On June 7, 2020, Rep. John Lewis visited the recently renamed Black Lives Matter Plaza in Washington, D.C. just one day before he entered the hospital. He passed away ten days later. Take a few minutes to explore the map, zooming in with the satellite view and explore the related images. This Tweet from D.C. Mayor Muriel Bowser may provide some context for the images.
- What do you notice?
- What prompted D.C. Mayor Muriel Bowser to rename this section of the street?
- What message do you think she was trying to send, and to what audience?
- What impact do you think images of Rep. John Lewis visiting this site made on the public’s perception of the Black Lives Matters protests?
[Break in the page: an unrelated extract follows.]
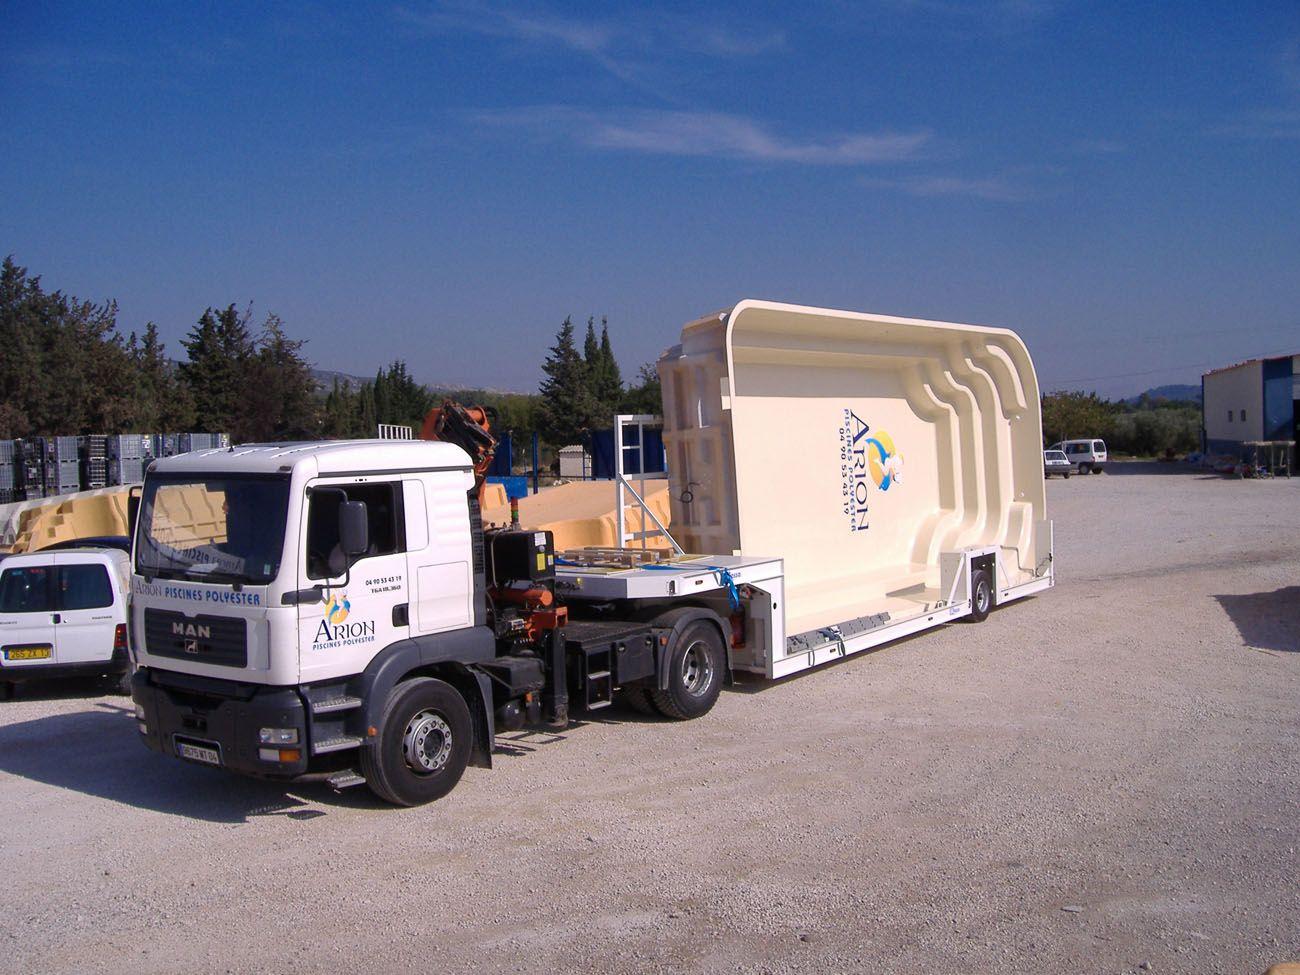 livraison de la piscine flotte de camion grue. Black Bedroom Furniture Sets. Home Design Ideas

The Black Lives Matter (BLM) movement is not new, but during the spring and summer of 2020, it gained momentum after the deaths of George Floyd, preceded by many other victims who died while in police custody. Take a few minutes to explore the Black Lives Matter website. Visit the tabs under the About pulldown menu at the top of the site, and the What Matters section to read more the descriptions of the movement’s history, beliefs, and origins.
“Emmett Till was my George Floyd. He was my Rayshard Brooks, Sandra Bland and Breonna Taylor. He was 14 when he was killed, and I was only 15 years old at the time. I will never ever forget the moment when it became so clear that he could easily have been me.”
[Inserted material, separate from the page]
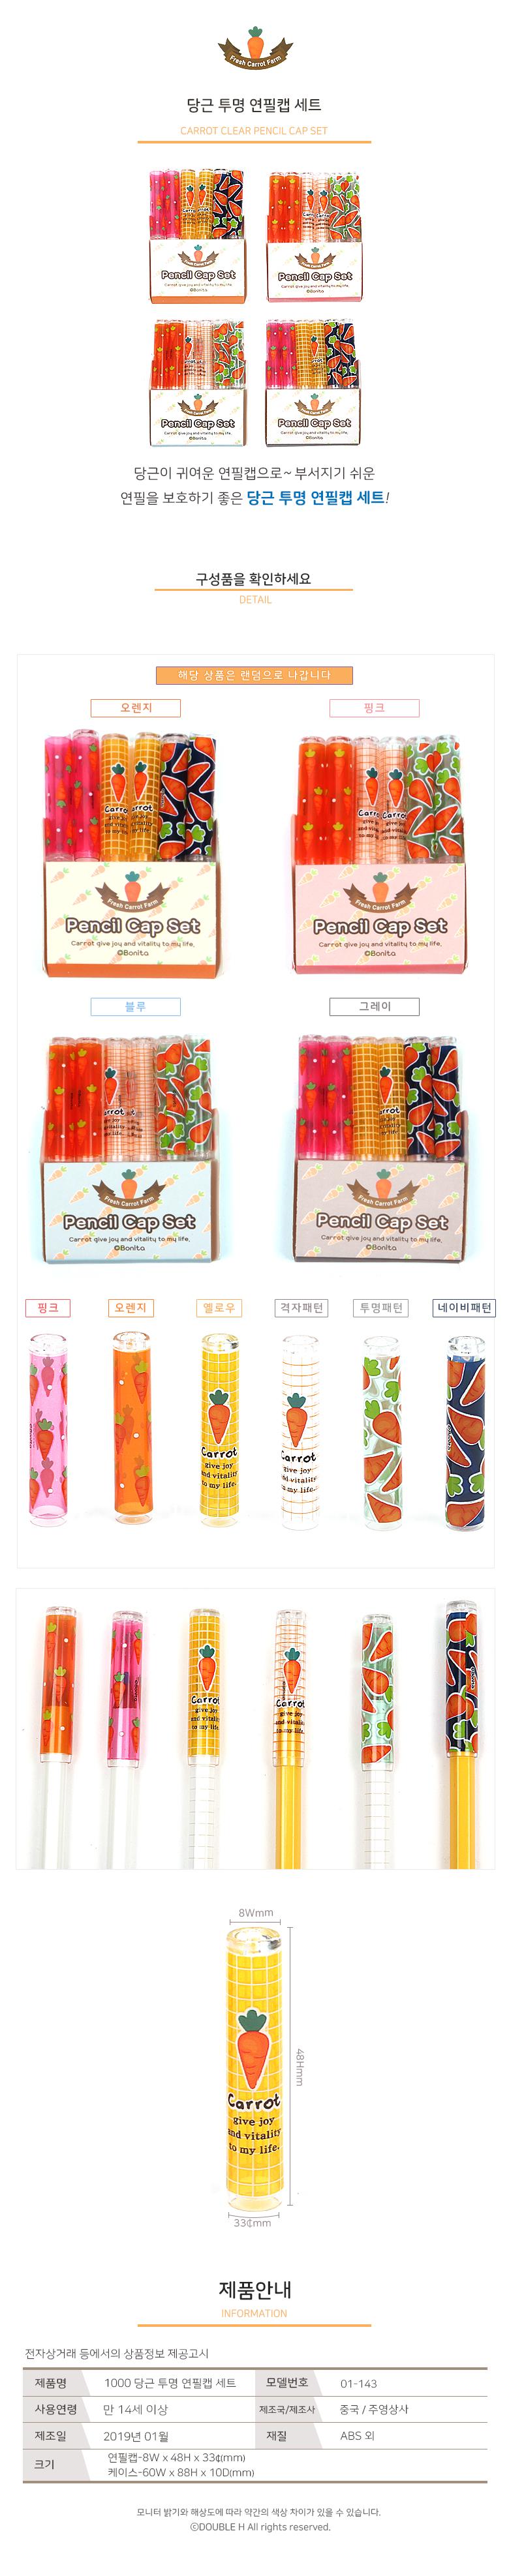 1000 당근 투명 연필캡 세트 - 영웅완구, 1,000원, 필기구 소품, 연필캡

In paragraphs three and four of his essay, Rep. John Lewis describes the impact the death of Emmet Till had on him as a young man. Read these paragraphs, then take a few minutes to explore this tag on Bunk.
Use the connections on Bunk and the Black Lives Matter website to compare and contrast the deaths of Emmet Till to the most recent deaths of several African Americans mentioned in the essay or on the Black Lives Matter website. Use the Venn diagram provided by your teacher to note your observations. If working in a face to face learning environment such as a classroom, your teacher may provide you with a paper copy, or if working remotely, you may make a copy, then rename it and complete the diagram digitally.
- How would you describe these events as they influenced civil rights and social movement during the 20th and 21st centuries?
- What did Rep. John Lewis mean when he said, “Emmet Till was my George Floyd?”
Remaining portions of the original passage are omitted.